Jon and other folks in this thread,

[Sorry about the disappearing text in my previous send of this, I copied some 
text from PDF and forgot I had to change the color manually.]

Doesn’t it seem a bit inconsistent for Peirce to argue about “what our 
sentiments toward things in general should be,” when he usually argues that 
“sentiments” are less fallible than our reasoning, precisely because they are 
products of evolution rather than logic?

Personally i have no doubt that the universe is in a continuous state of 
change, or in Peirce’s terms, “the universe has on the whole a definite 
tendency toward a state of things” different from any past state of things. (In 
other words I believe that time is real.) But I see no reason to believe that 
it has either beginning or end, or that some future state of things will be 
better than any past state. And that applies not only to the observable 
universe but to the universe of “human knowledge,” as far as I can see. I’m 
inclined to think that Peirce’s view on that was just a symptom of that 
overconfident 19th-century European-American optimism that landed us in the 
Anthropocene!

Love, gary

Coming from the ancestral lands of the Anishinaabeg

} Open your mouth, always be busy, and life is beyond hope. [Daodejing 52 
(Feng/English)] {

 <https://gnusystems.ca/wp/> https://gnusystems.ca/wp/ }{  
<https://gnusystems.ca/TS/> Turning Signs

 

From: peirce-l-requ...@list.iupui.edu <mailto:peirce-l-requ...@list.iupui.edu>  
<peirce-l-requ...@list.iupui.edu <mailto:peirce-l-requ...@list.iupui.edu> > On 
Behalf Of Jon Alan Schmidt
Sent: Friday, April 21, 2023 5:57 PM
To: Peirce-L <peirce-l@list.iupui.edu <mailto:peirce-l@list.iupui.edu> >
Subject: Re: [PEIRCE-L] A question for pragmatists

 

List:

 

For anyone interested, attached is my complete transcription of R 953. I am now 
suggesting a date of c. 1899 based on it mentioning "my unpublished Principles 
of Philosophy," for which Peirce unsuccessfully advertised subscriptions (1894) 
and later apparently wrote CP 1.176-179 (c. 1896) as a forward, and saying that 
the first volume "is devoted to the consideration of the question of where we 
are at this end of the Nineteenth Century." Moreover, the text references 
Büchner, whom Peirce also invokes in CP 1.192 (c. 1893), and begins to discuss 
the three grades of clearness that he introduced in "How to Make Our Ideas 
Clear" (1878)--which he updated to serve as chapter 16 of How to Reason: A 
Critick of Arguments (1894)--and presented again in "The Logic of Relatives" 
(1897). Presumably, he would have been keen to revisit them once more after 
William James started popularizing pragmatism (1898).

 

Peirce's definition of epicureanism in this context, contrasted with pessimism 
and meliorism, is admittedly idiosyncratic. Here is how he summarizes all three 
with respect to cosmology and knowledge.

 

CSP: These three opinions about the universe, are then

1st, that of the pessimist, that the infinitely distant future comes to that 
same nothingness that was in the infinitely distant past;

2nd, that of the Epicurean, that the universe has no general character or 
tendency whatever, and that nothing at all can be alleged of it as a whole;

3rd, that of the Meliorist, that the universe has on the whole a definite 
tendency toward a state of things in the infinitely distant future different 
from that in the infinitely distant past.

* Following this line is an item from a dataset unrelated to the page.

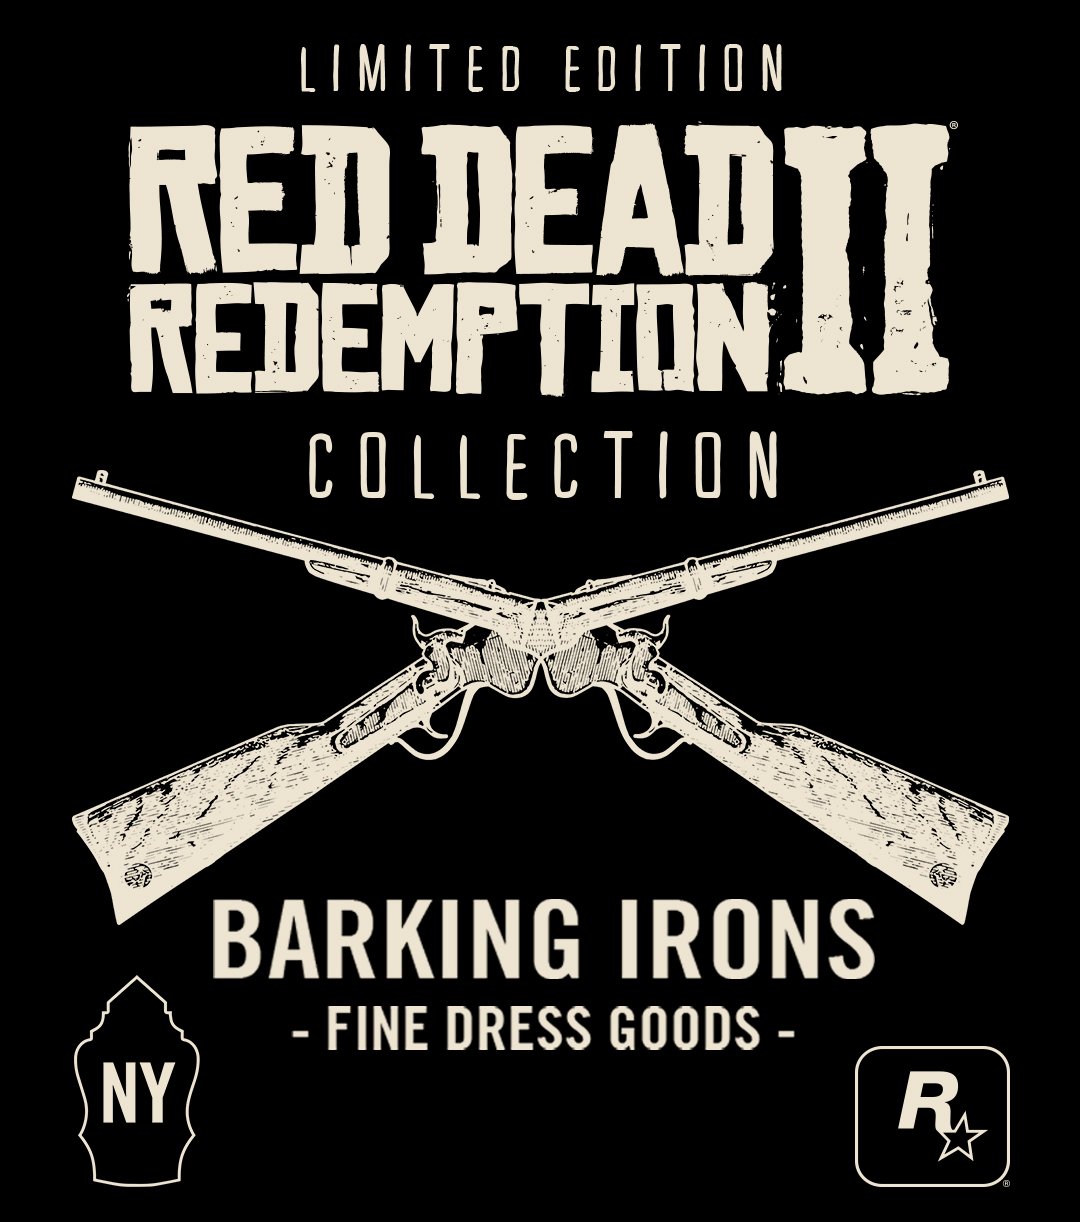 Red Dead Redemption 2 Clothing Line Nov 2018 #9
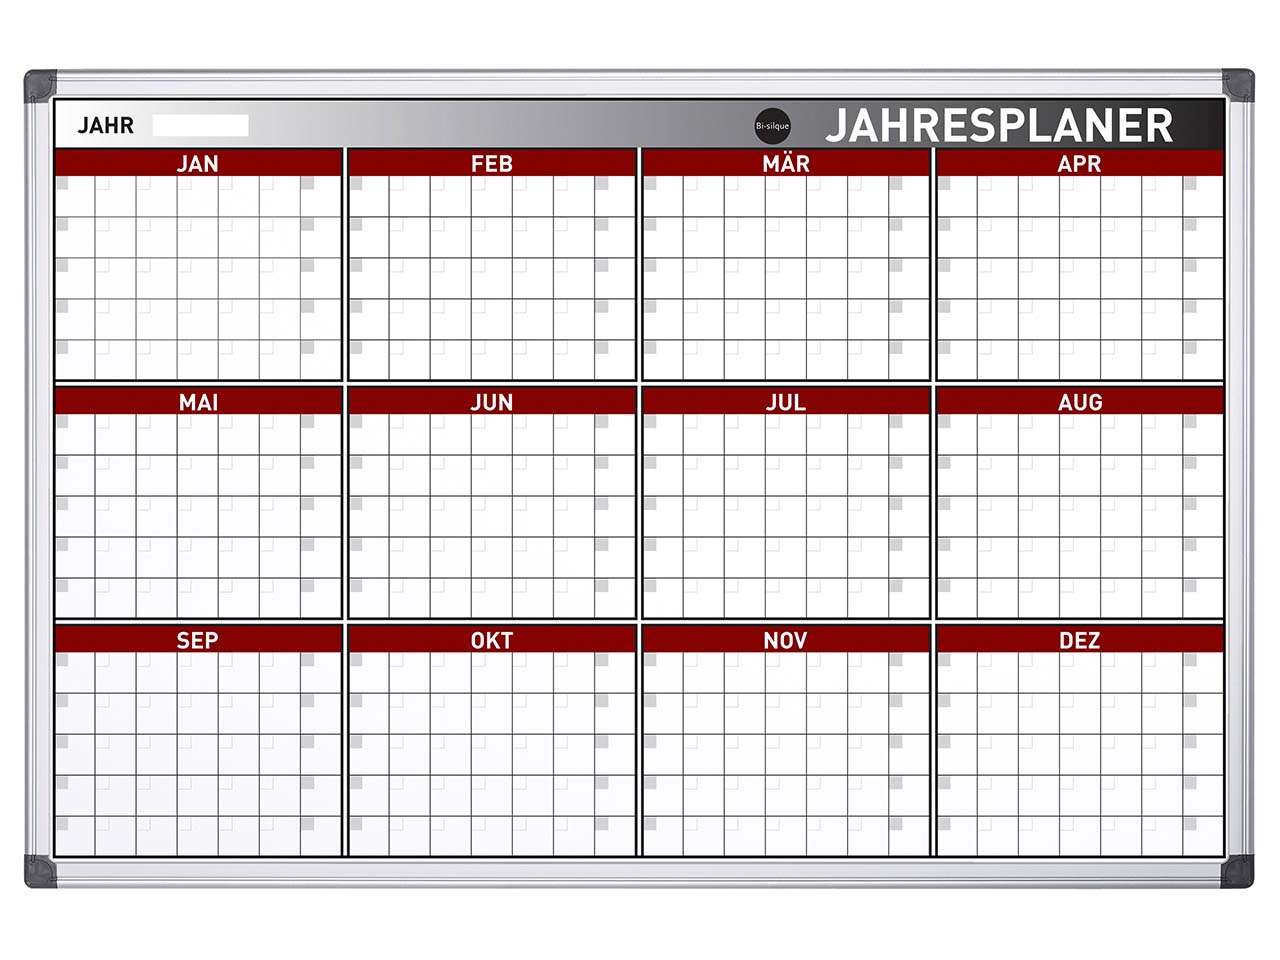 3 year plan. Календарь для заметок. Настенный планер на год. Расписание на месяц. Календарь на год для заметок.

These opinions about the universe, in general, are capable [of] various special 
applications. Among other things, they can be applied to human knowledge. ...

Here, then, are three opinions about science and philosophy. Each has much to 
support it.

The first is that opinion advances by a regular course of development toward a 
destined goal; but that goal is the very state of complete doubt from which it 
first set out.

The second is that opinion does not advance at all, but only shifts about, 
appearing for a time to be reaching something but soon passing into disputes.

The third is that opinion progresses toward a certain predestinate settlement, 
which must be called the truth.

Each of these views of human knowledge harmonizes with a corresponding view of 
the constitution of the universe.

 

In light of previous comments in this thread, it also seems noteworthy that 
Peirce treats Büchner as a stand-in for what today we call scientism, including 
materialism/physicalism and necessitarianism/determinism--additional 
characteristics of our intellectual climate that are contrary to 
synechism/pragmaticism.

 

CSP: When I speak of Büchner and Büchnerism, I do not mean an exact adherence 
to Dr. Büchner's personal opinions, but I use that name to designate a general 
type of opinion, namely, the opinion that physics has discovered that the 
universe consists of molecules moving about under the governance of inflexible 
law, the law of energy; that that is all there is to it; and that consequently 
the ideas of God, Freedom of the Soul, and Immortality are silly superstitions. 
That whole type of opinion I think superficial. ...

If the Büchnerite cared to pause to listen to my answer to his question of 
whether I am not in favor of Büchner and a philosophy based on facts instead of 
a philosophy based on tradition, he might be somewhat surprised. For I should 
tell him that, to my mind, his own opinion is based on tradition, in the most 
unwholesome way possible. He converts science into an infallible Pope. ...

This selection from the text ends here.